#charset "us-ascii"
#pragma once
/*
* Copyright (c) 2000, 2006 Michael J. Roberts
*
* This file is part of TADS 3.
*
* This header defines the Dictionary intrinsic class.
*/
/* include our base class definition */
#include "systype.h"
/*
* The Dictionary intrinsic class is a specialized lookup table class
* designed for storing the vocabulary table for a parser. Dictionary
* works closely with GrammarProd to supply the vocabulary tokens for the
* productions.
*
* The main difference between Dictionary and a more general hash table is
* that Dictionary tags each vocabulary word with a type; for our purposes,
* the type is the vocabulary property (&noun, &adjective, etc) that
* associates the word with an object.
*/
intrinsic class Dictionary 'dictionary2/030001': Object
{
/*
* Constructor:
*
* new Dictionary() - creates a dictionary with a default comparator,
* which matches strings exactly (note that upper-case and lower-case
* letters are considered distinct)
*
* new Dictionary(compObj) - create a dictionary with the given
* comparator object. A comparator is an object that implements the
* comparator interface - see below for details. When searching the
* dictionary (with findWord, for example), we use the comparator
* object to determine if the string beings sought matches a dictionary
* string.
*/
/*
* Set the comparator object. This defines how words are compared.
* The object must provide the following methods, which comprise the
* "comparator" interface. Note that there's no class that defines
* this interface; this is simply a set of methods that we define here,
* and which the supplied object must define.
*
* calcHash(str) - returns an integer giving the hash value of the
* given string. The purpose of the hash value is to arbitrarily
* partition the search space, so that we can search only a small
* subset of the dictionary when looking for a particular string. It
* is desirable for hash values to distribute uniformly for a given set
* of strings. It's also highly desirable for the hash computation to
* be inexpensive (i.e., to run fast), since the whole point of the
* hash is to reduce the amount of time it takes to find a string; if
* it takes longer to compute the hash value than it would to search
* every string in the table, then we don't come out ahead using the
* hash.
*
* matchValues(inputStr, dictStr) - compare the given input string with
* the given dictionary string, and return a result indicating whether
* or not they match for the purposes of the comparator. A return
* value of zero or nil indicates that the values do not match; any
* other return value indicates a match.
*
* Typically, matchValues() will return a non-zero integer to indicate
* a match and to encode additional information about the match using a
* bitwise-OR'd combination of flag values. For example, a comparator
* that allows case folding could use bit flag 0x0001 to indicate any
* match, and bit flag 0x0002 to indicate a match where the case of one
* or more input letters did not match the case of the corresponding
* letters in the dictionary string. So, a return value of 0x0001
* would indicate an exact match, and 0x0003 would indicate a match
* with case differences.
*
* Note the asymmetry in the matchValues() arguments: we specifically
* designate one string as the input string and one as the dictionary
* string. This allows for asymmetrical comparisons, which are
* desirable in some cases: we sometimes want a given input string to
* match a given dictionary string even when the two are not identical
* character-by-character. For example, we might want to allow the
* user to type only the first six or eight characters of a string in
* the dictionary, to save typing; or, we might want to allow a user to
* enter unaccented letters and still match dictionary words containing
* the corresponding letters with accents. The asymmetry in the
* arguments is there because we often only want these "fuzzy" match
* rules to work in one direction; for the truncation example, we'd
* want an input word that's a truncated version of a dictionary word
* to match, but not the other way around.
*
* Important: Note that, although the hash value computation is up to
* the implementing object to define, we impose one requirement. It is
* REQUIRED that for any two strings s1 and s2, if matchValues(s1, s2)

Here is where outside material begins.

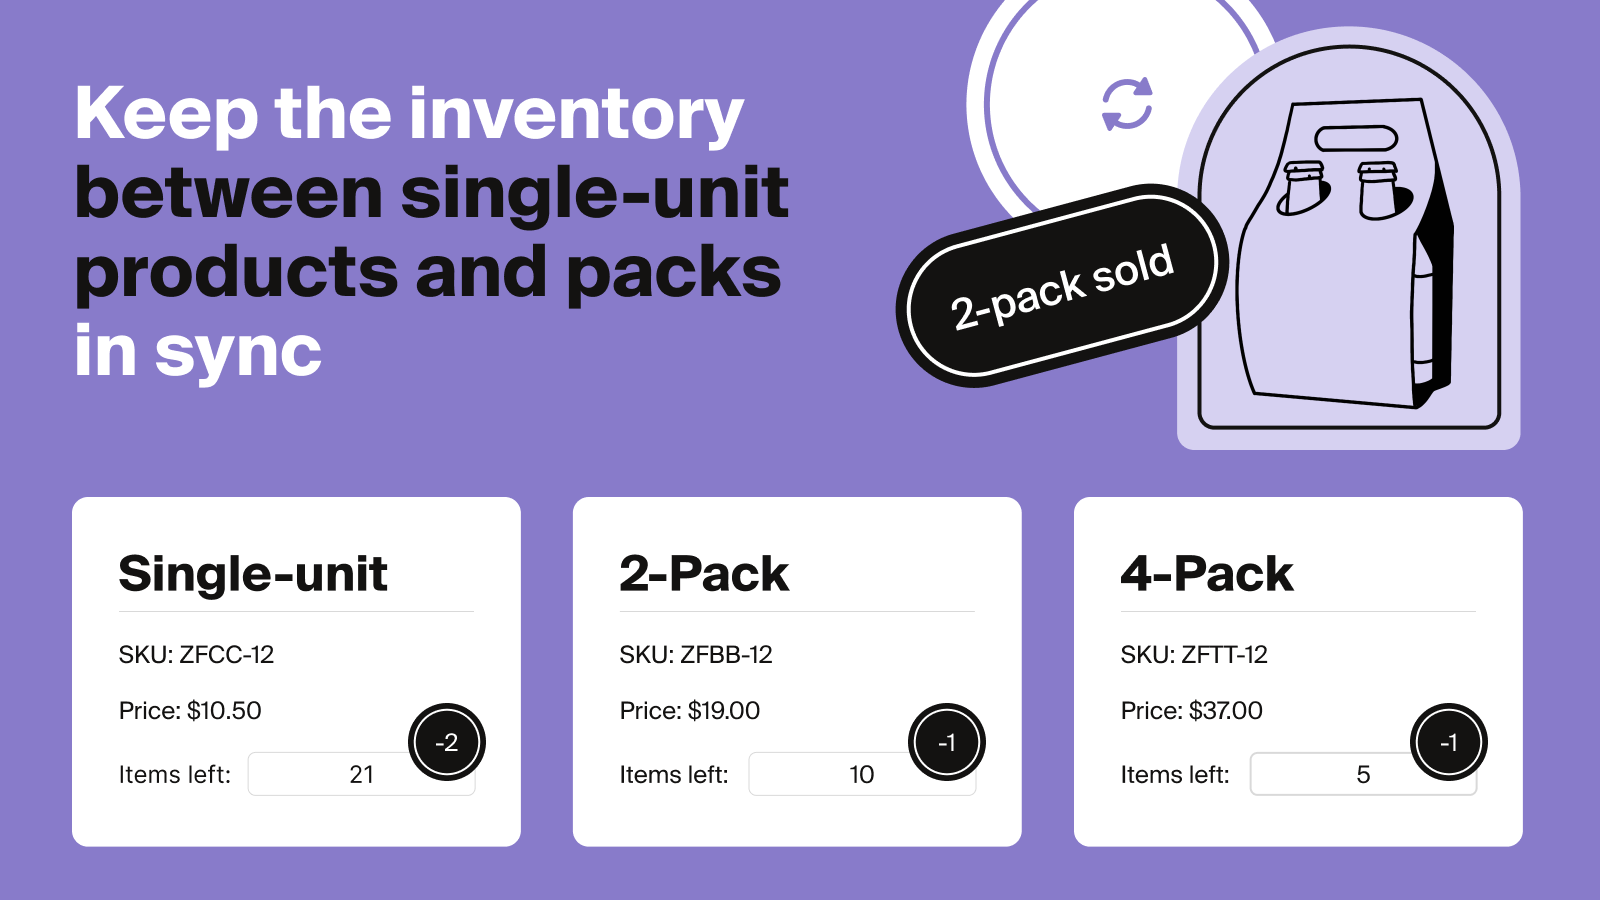 Keep inventory between single-unit products and packs in sync
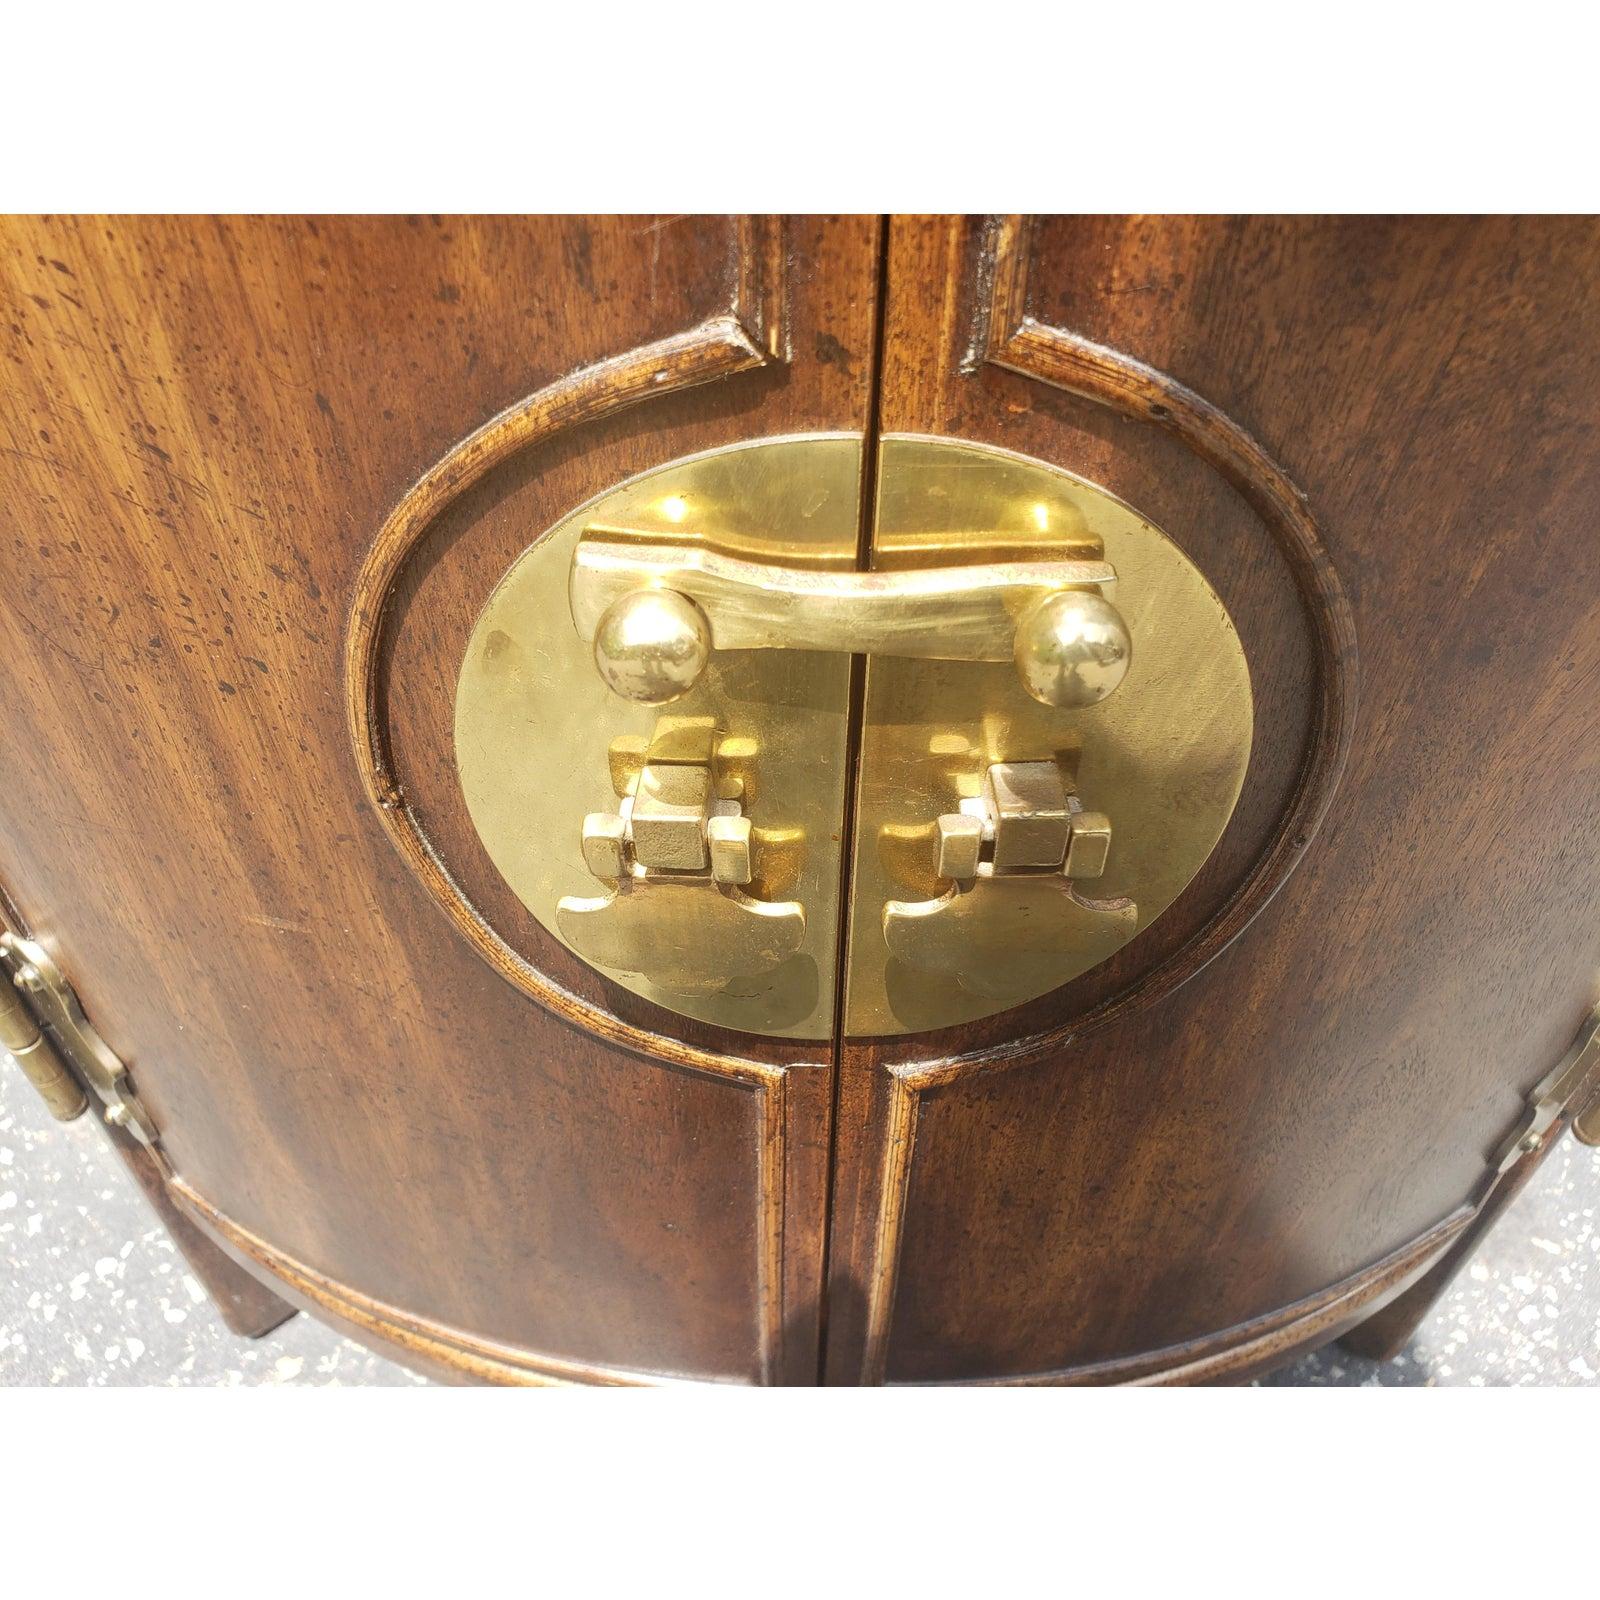 Solid walnut drum style accent table cabinet. Banded and Burl walnut veneer top. Double door with Asian style hardware in excellent condition. Measures 27

* indicates a match (i.e., returns a value other than 0 or nil), then
* calcHash(s1) MUST EQUAL calcHash(s2). (This does NOT mean that two
* strings with equal hash values must be equal, or, equivalently, that
* two unequal strings must have different hash values. Hash
* collisions are explicitly allowed, so two strings that don't match
* can still have the same hash value.)
*/
setComparator(compObj);
/*
* Find a word; returns a list giving the objects associated with the
* string in the dictionary. If voc_prop is specified, only objects
* associated with the word by the given vocabulary property are
* returned. We match the string using the comparator defined for the
* dictionary.
*
* The return value is a list consisting of pairs of entries. The
* first element of each pair is the matching object, and the second is
* gives the comparator result for matching the word. If we use a
* StringComparator, this will be a non-zero integer value giving
* information on truncation, case folding, and any equivalence
* mappings defined in the comparator. If the comparator is a custom
* object, then the second element of the pair will be whatever the
* custom comparator's matchValues() method returned for matching the
* value for that dictionary entry.
*
* The reason for giving a matchValues() return value for every
* individual match is that the same input string 'str' might match
* multiple entries in the dictionary. For example, the same string
* might match one word exactly and one with truncation. The match
* result code lets the caller determine if some matches are "better"
* than others, based on how the string matched for each individual
* object entry.
*/
findWord(str, voc_prop?);
/*
* Add a word to the dictionary, associating the given object with the
* given string and property combination.
*/
addWord(obj, str, voc_prop);
/*
* Remove the given word association from the dictionary. This
* removes only the association for the given object; other objects
* associated with the same word are not affected.
*/
removeWord(obj, str, voc_prop);
/*
* Check to see if the given string 'str' is defined in the dictionary.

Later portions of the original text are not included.